### EXERCISE OBJECTIVE:
Somewhere below, one line contains "aus Baumwolle 28cm" and a later line contains "Steel Hoop Barrier In Warehouse Environment". Output those two lines and everything between them exactly, and nothing else.

### DATA FOR THIS EXERCISE:
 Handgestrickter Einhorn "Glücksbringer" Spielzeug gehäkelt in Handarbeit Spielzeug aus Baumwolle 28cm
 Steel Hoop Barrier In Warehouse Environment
* * *
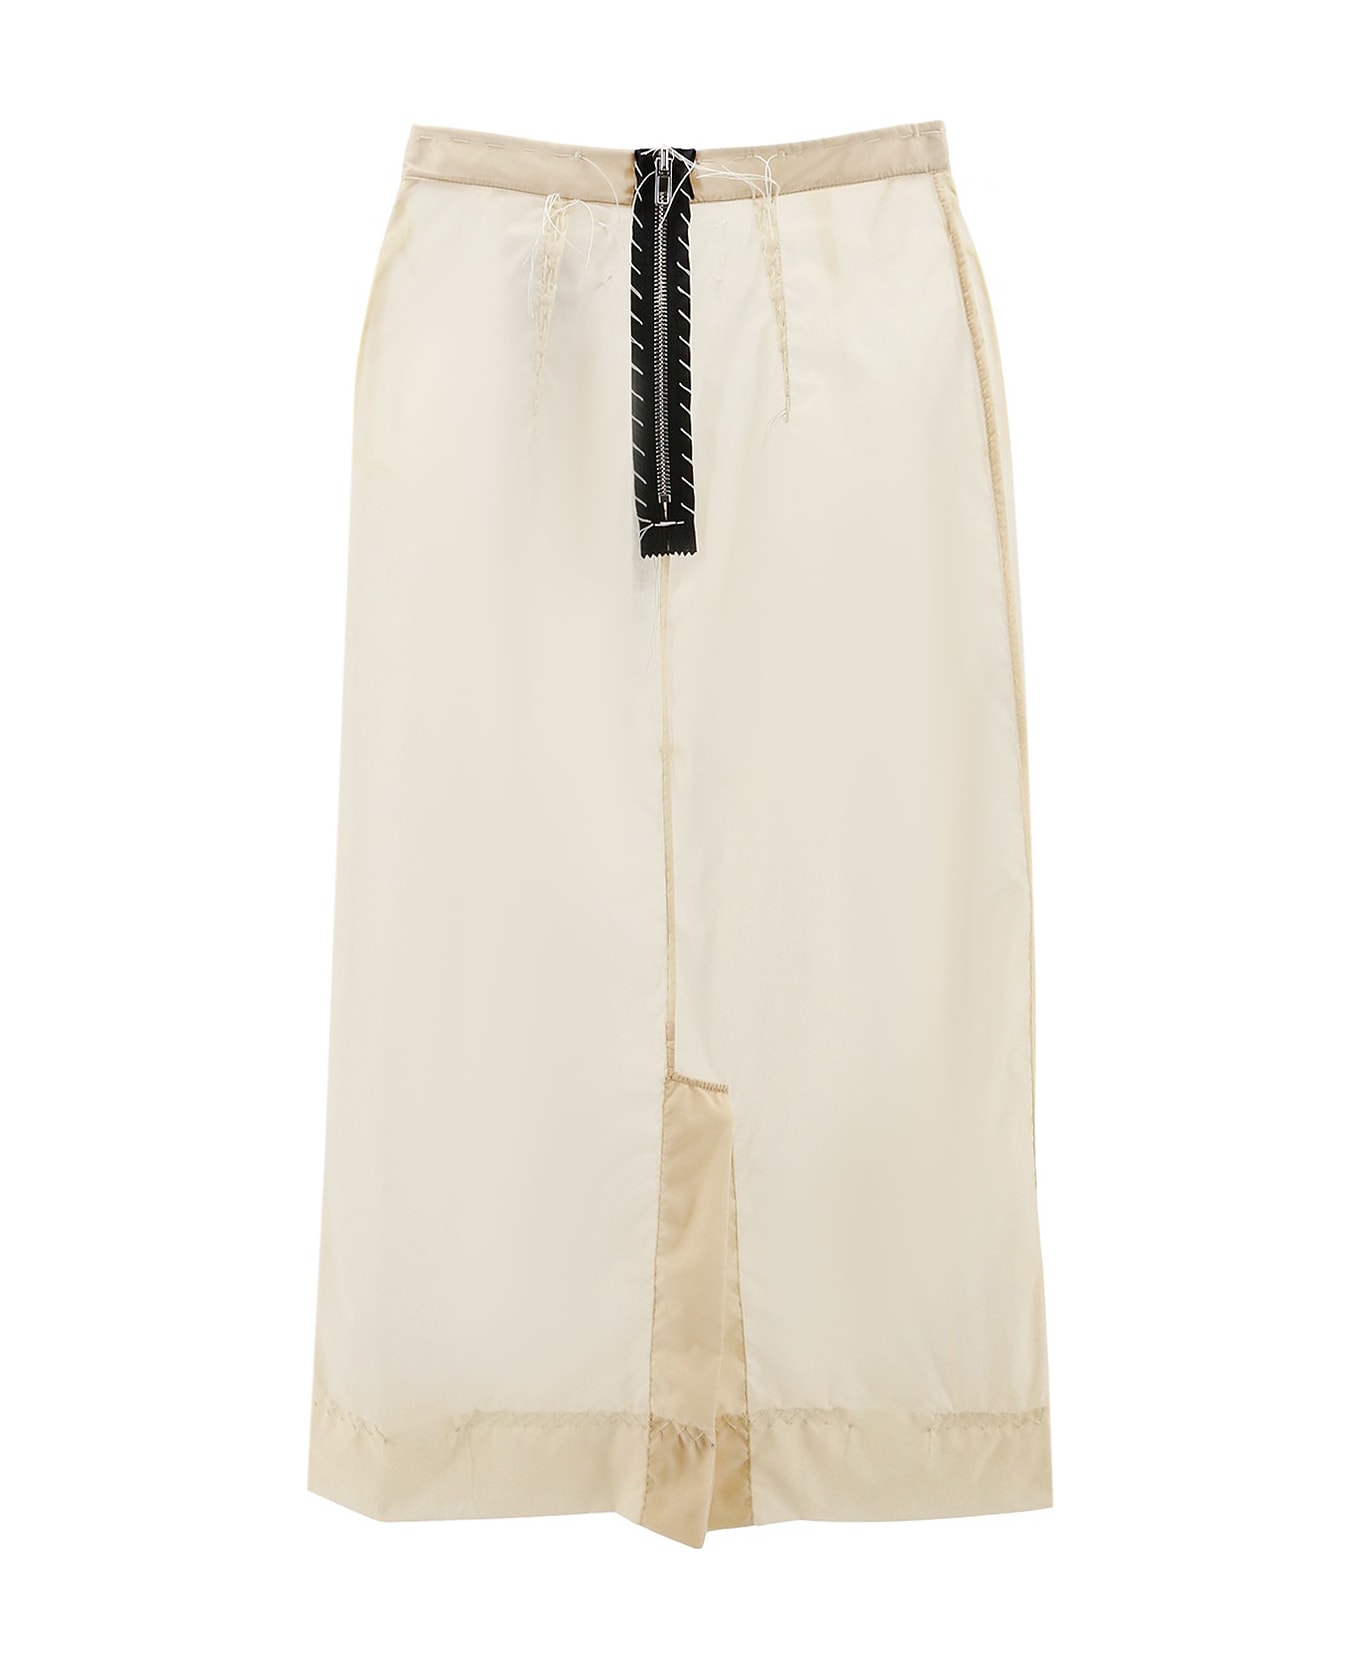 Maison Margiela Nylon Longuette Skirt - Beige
==
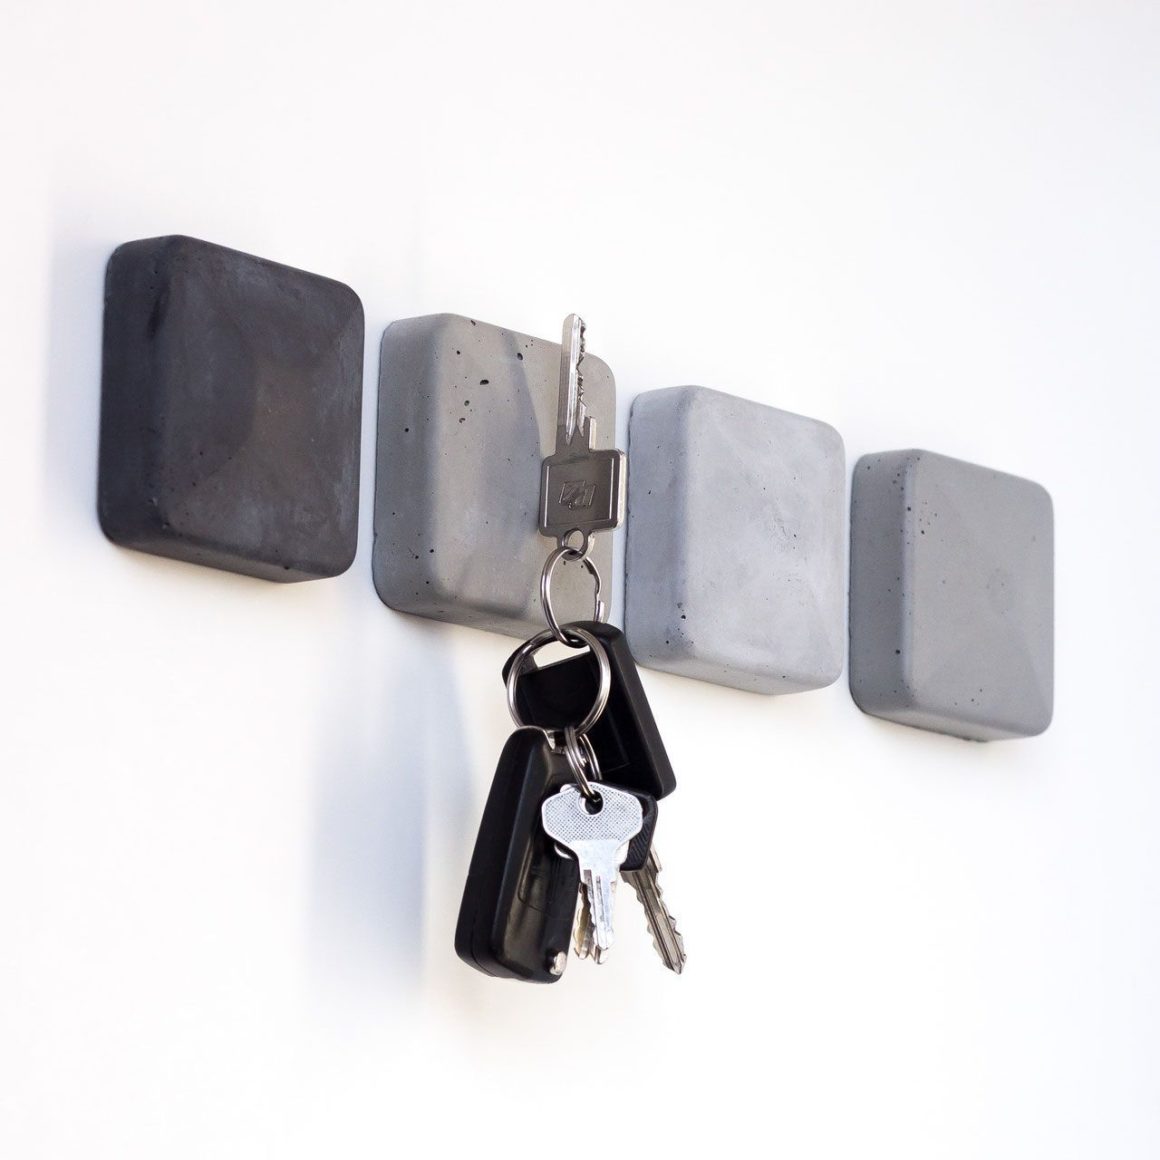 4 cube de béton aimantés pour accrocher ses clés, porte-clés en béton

### SOLUTION FOR THIS TASK:
 Handgestrickter Einhorn "Glücksbringer" Spielzeug gehäkelt in Handarbeit Spielzeug aus Baumwolle 28cm
 Steel Hoop Barrier In Warehouse Environment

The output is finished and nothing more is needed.